Given data –

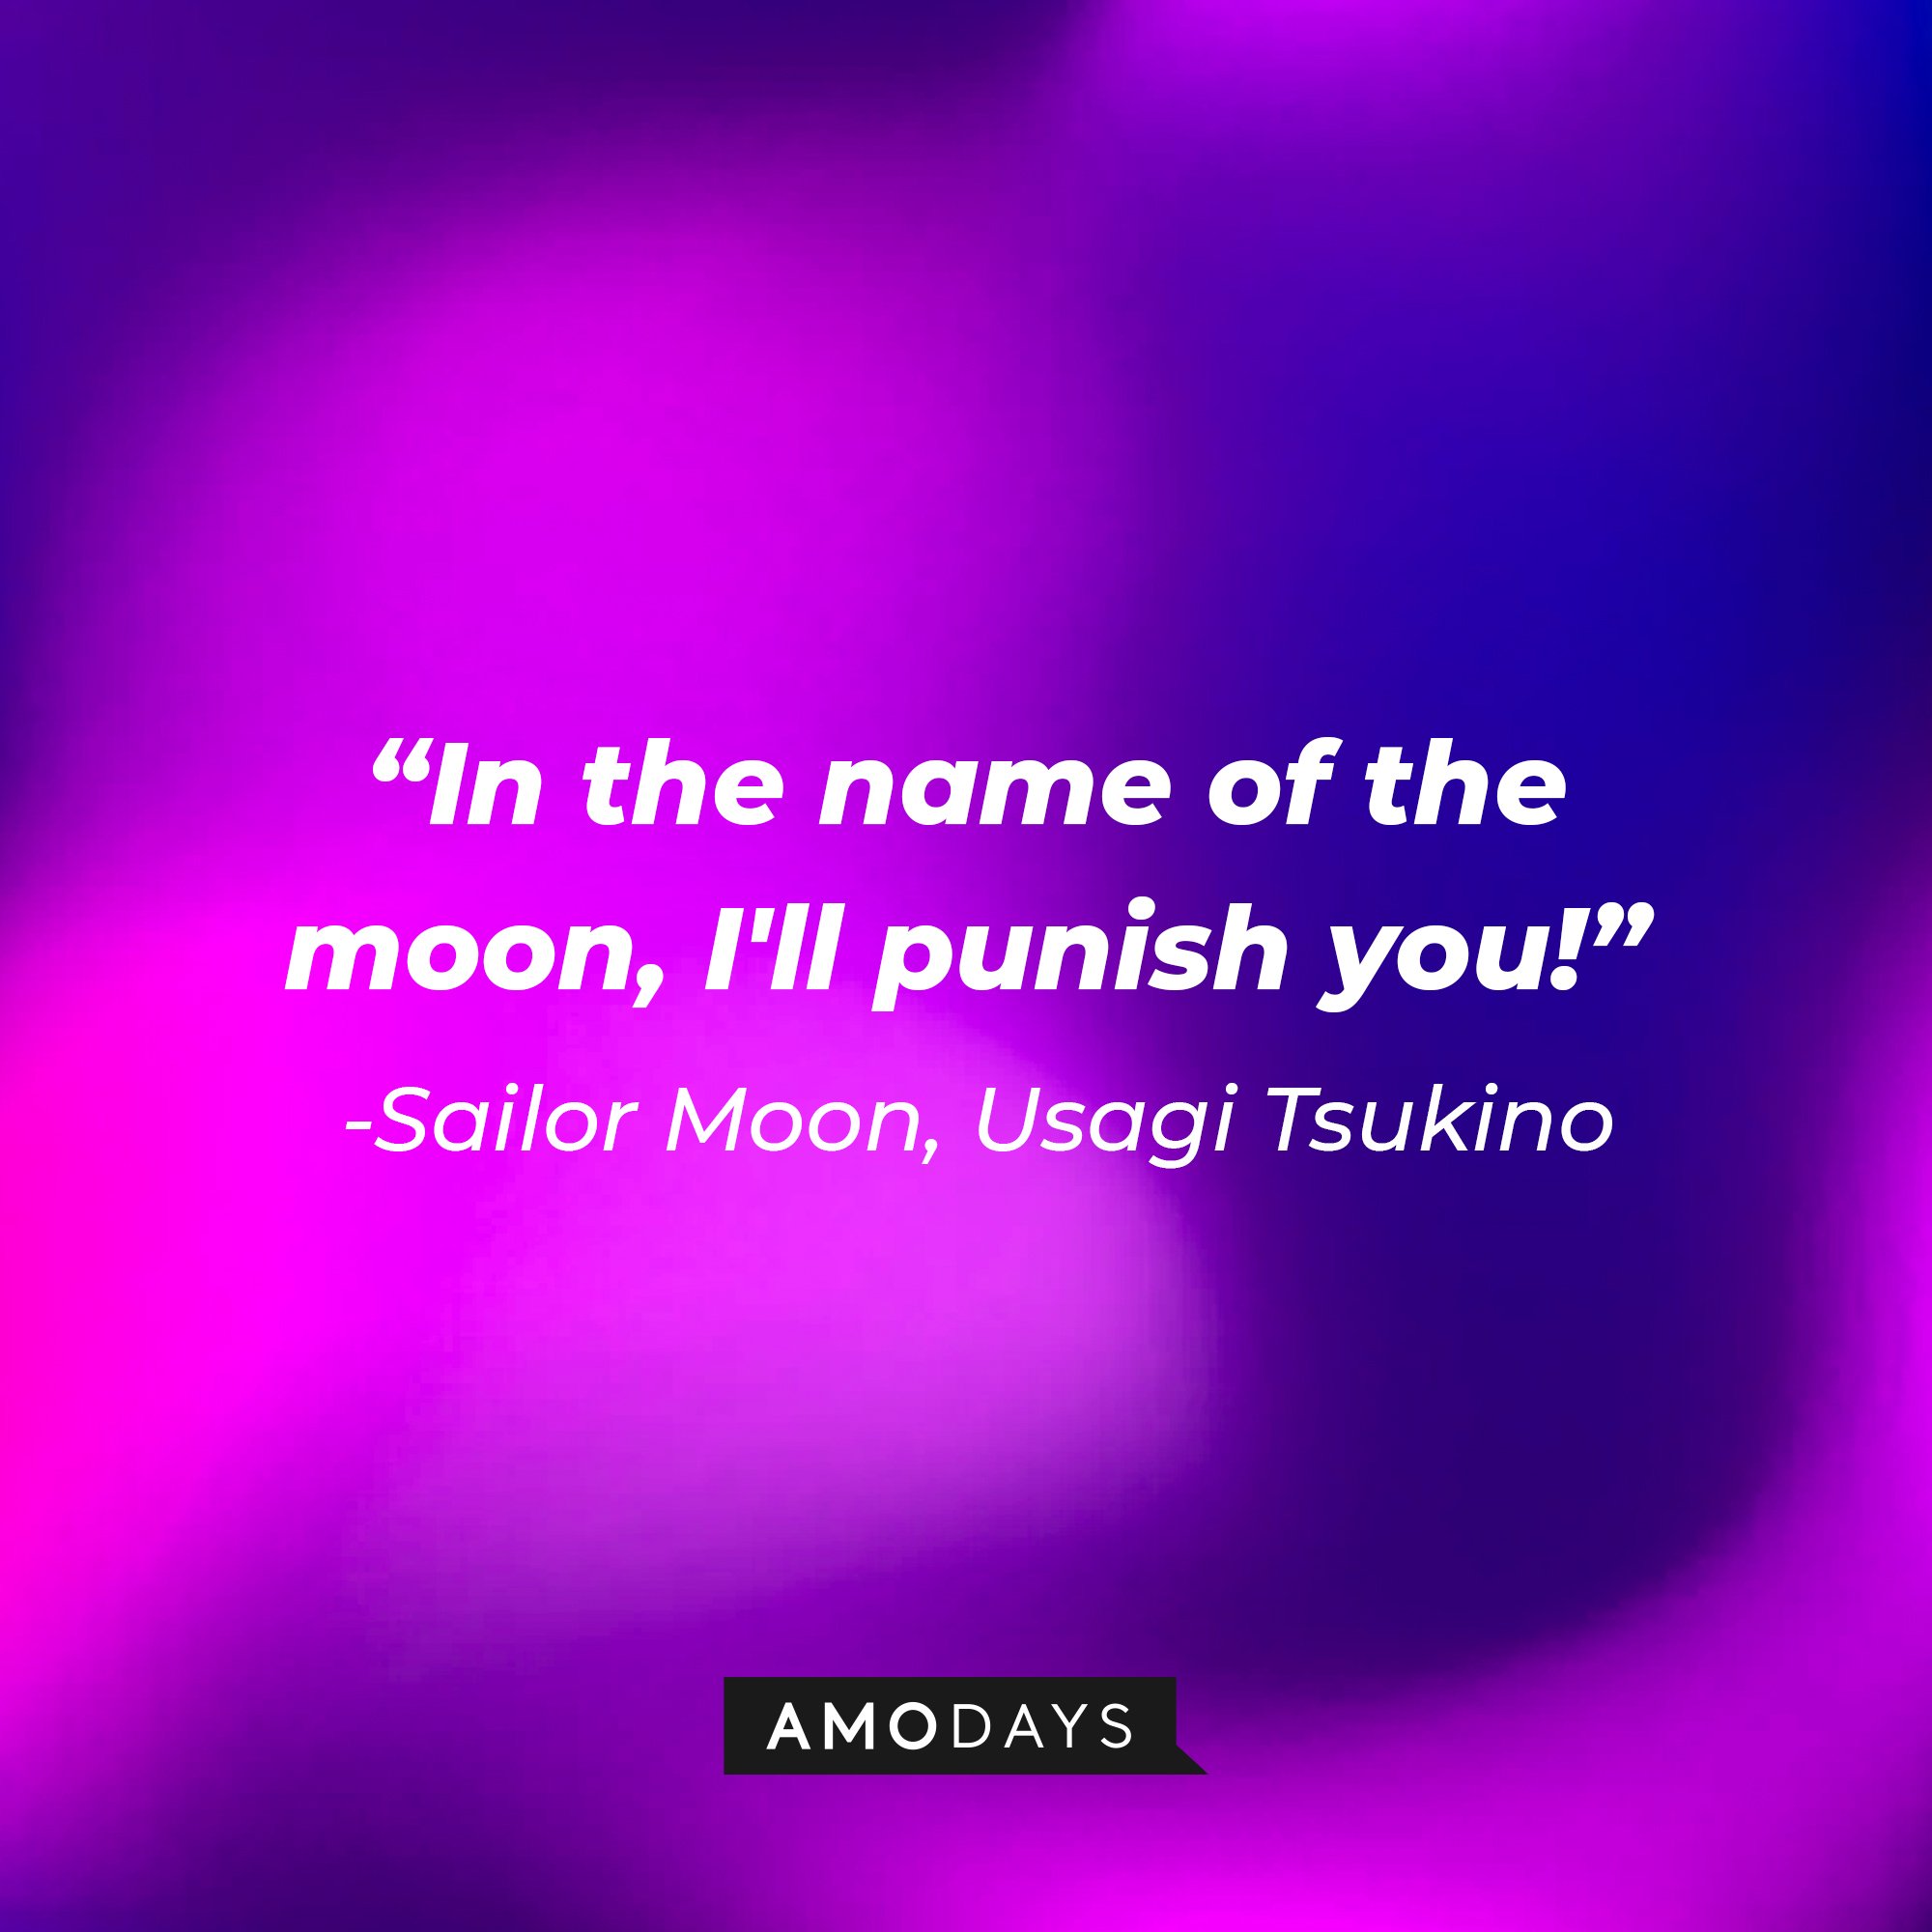 Sailor Moon/Usagi Tsukino’s quote: "In the name of the moon, I'll punish you!"  | Image: AmoDays
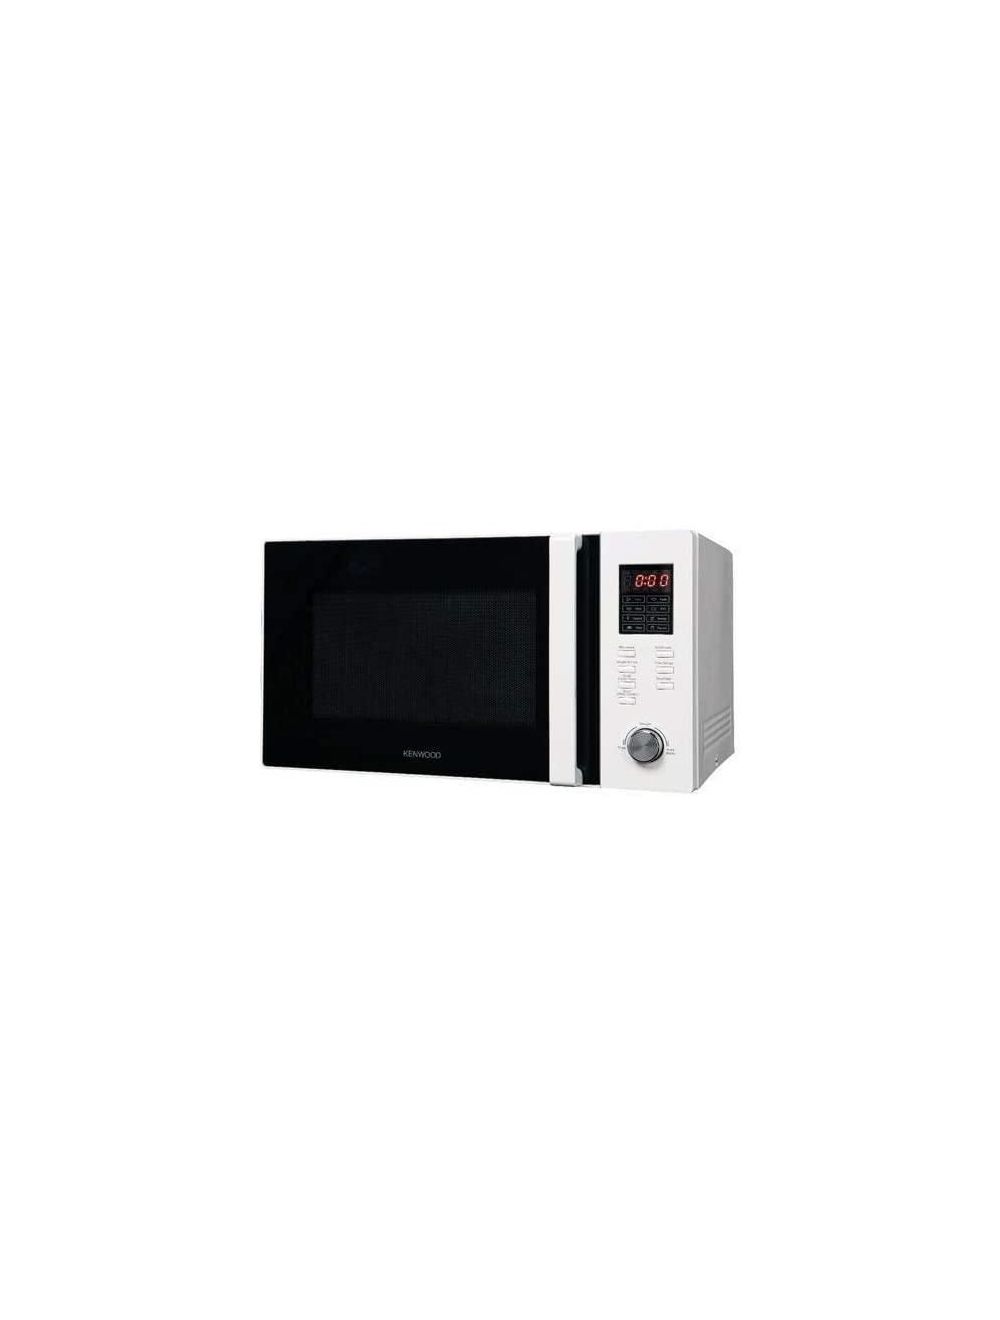 Kenwood 25 Litres Microwave Oven White-MWL210
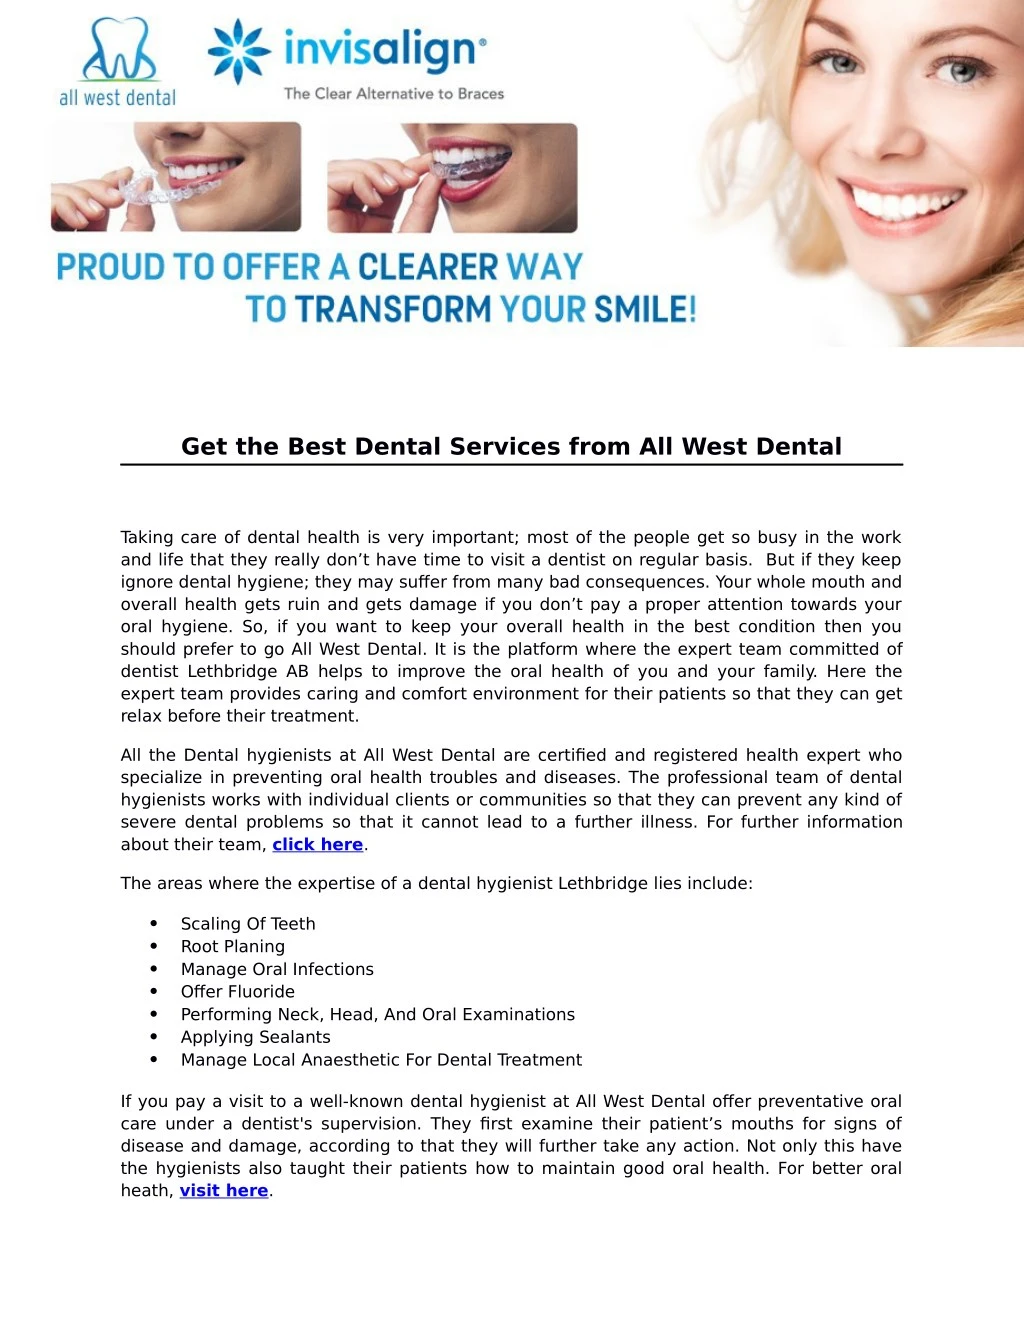 get the best dental services from all west dental
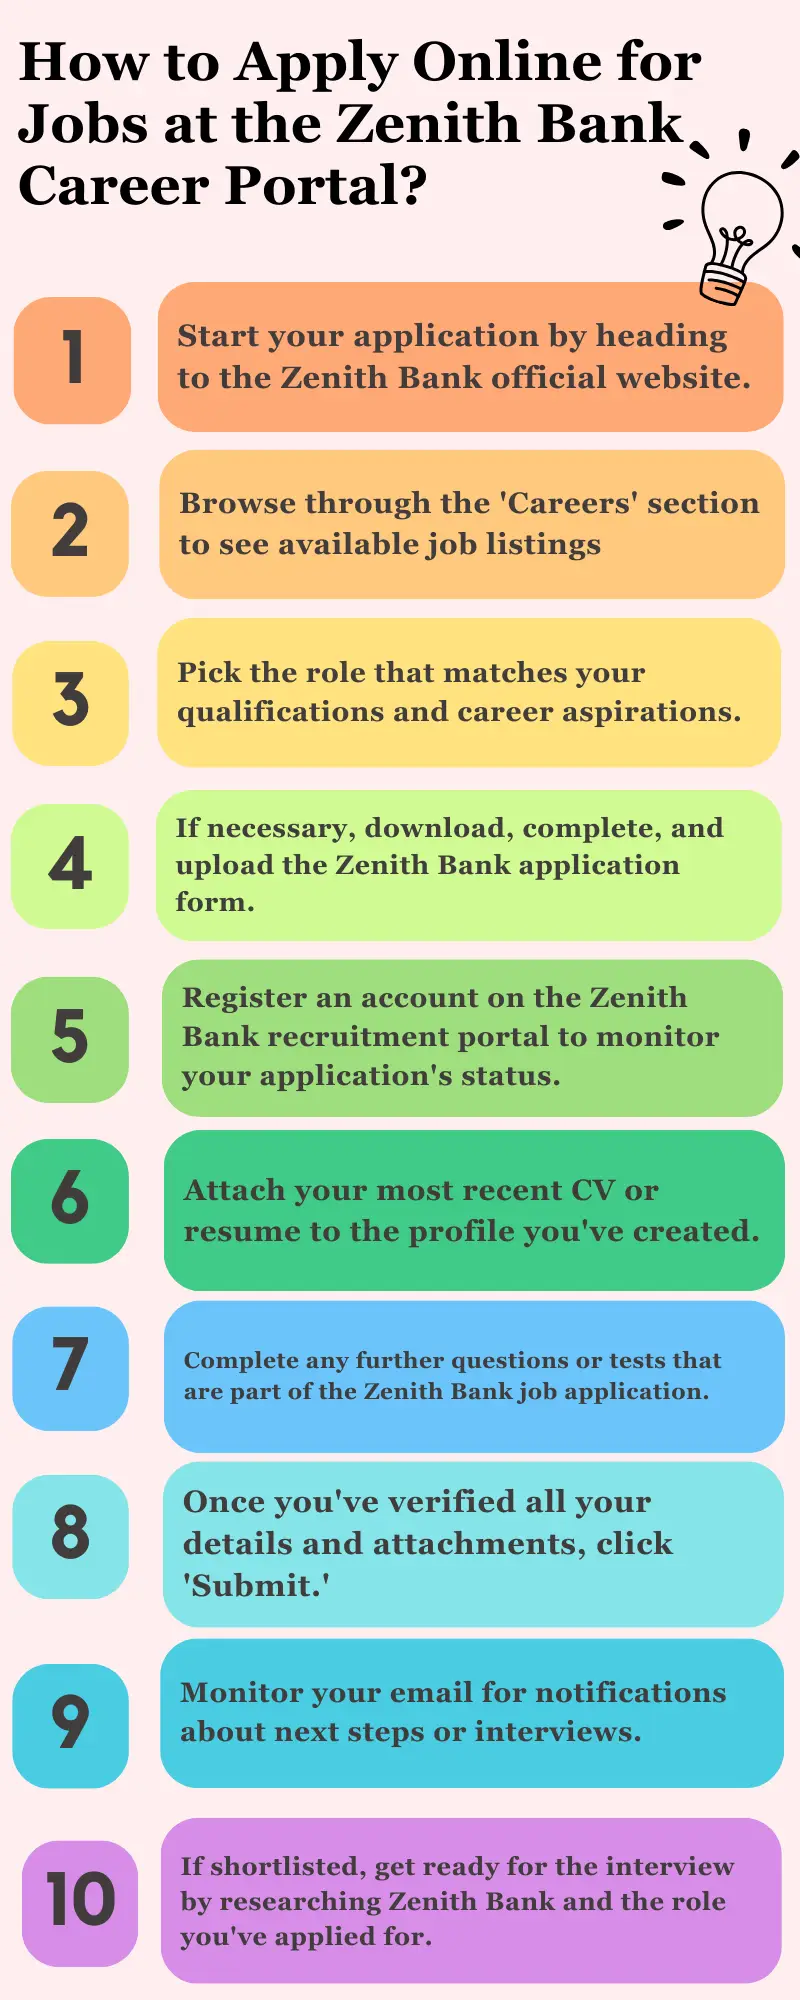 How to Apply Online for Jobs at the Zenith Bank Career Portal?
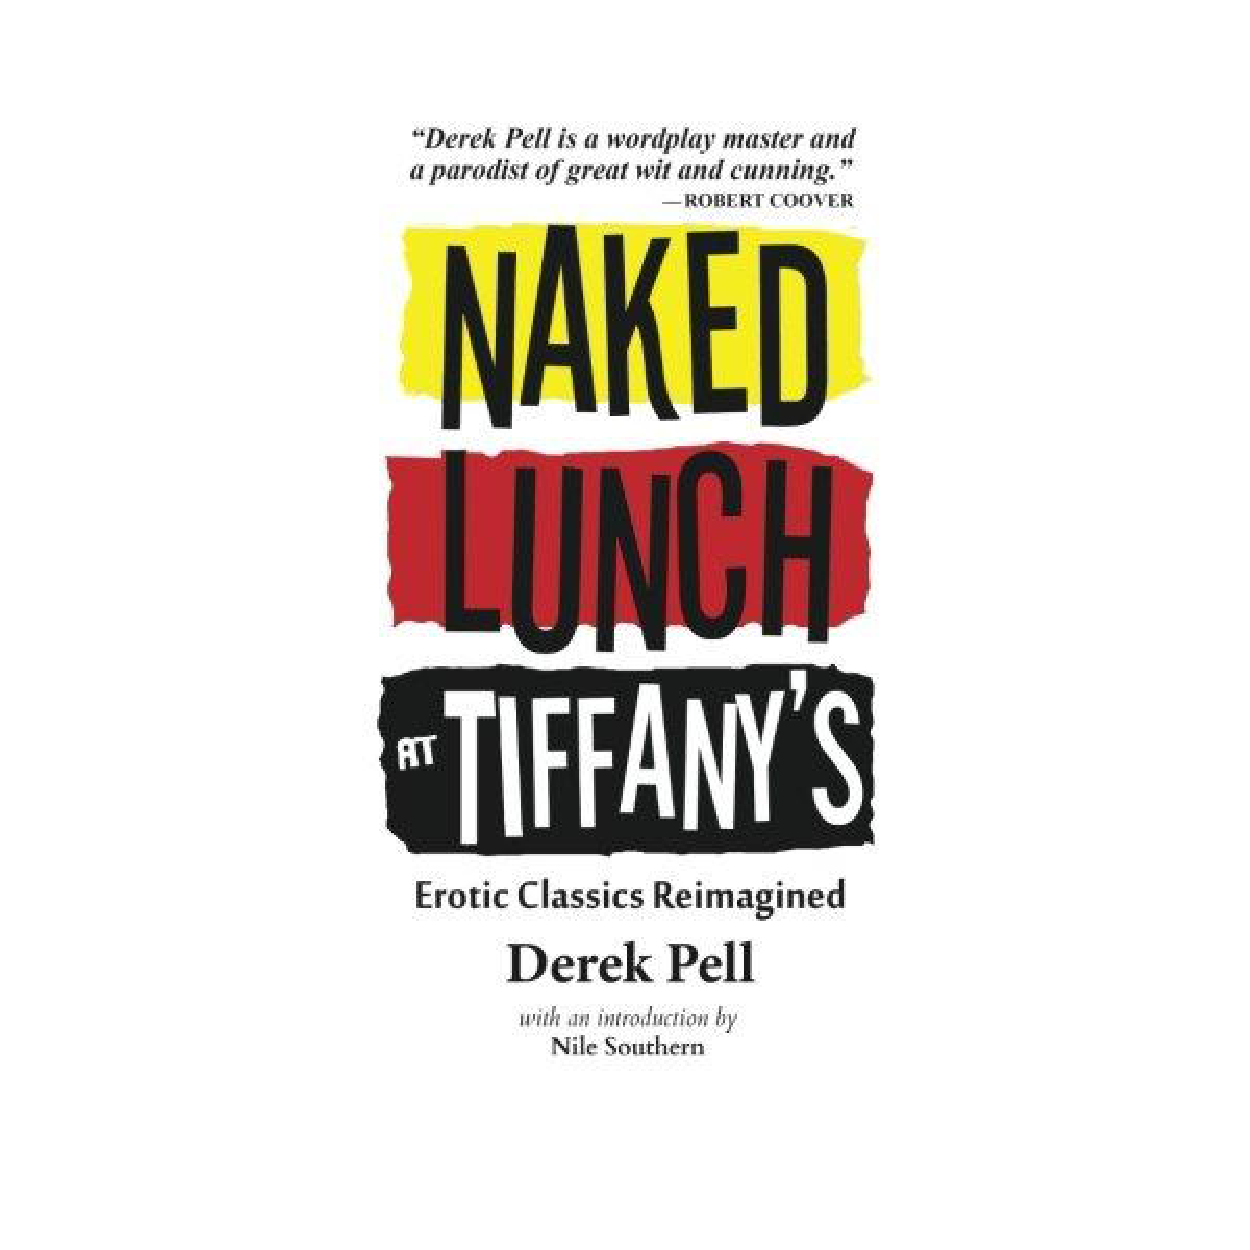 Naked Lunch at Tiffany's (Short-Fiction Collection) by Derek Pell

How to complete this task – Give back each entry verbatim but drop its pictures.

Written reply –
 Sailor Moon/Usagi Tsukino’s quote: "In the name of the moon, I'll punish you!"  | Image: AmoDays
 Kenwood 25 Litres Microwave Oven White-MWL210
 get the best dental services from all west dental
 How to Apply Online for Jobs at the Zenith Bank Career Portal?
 Naked Lunch at Tiffany's (Short-Fiction Collection) by Derek Pell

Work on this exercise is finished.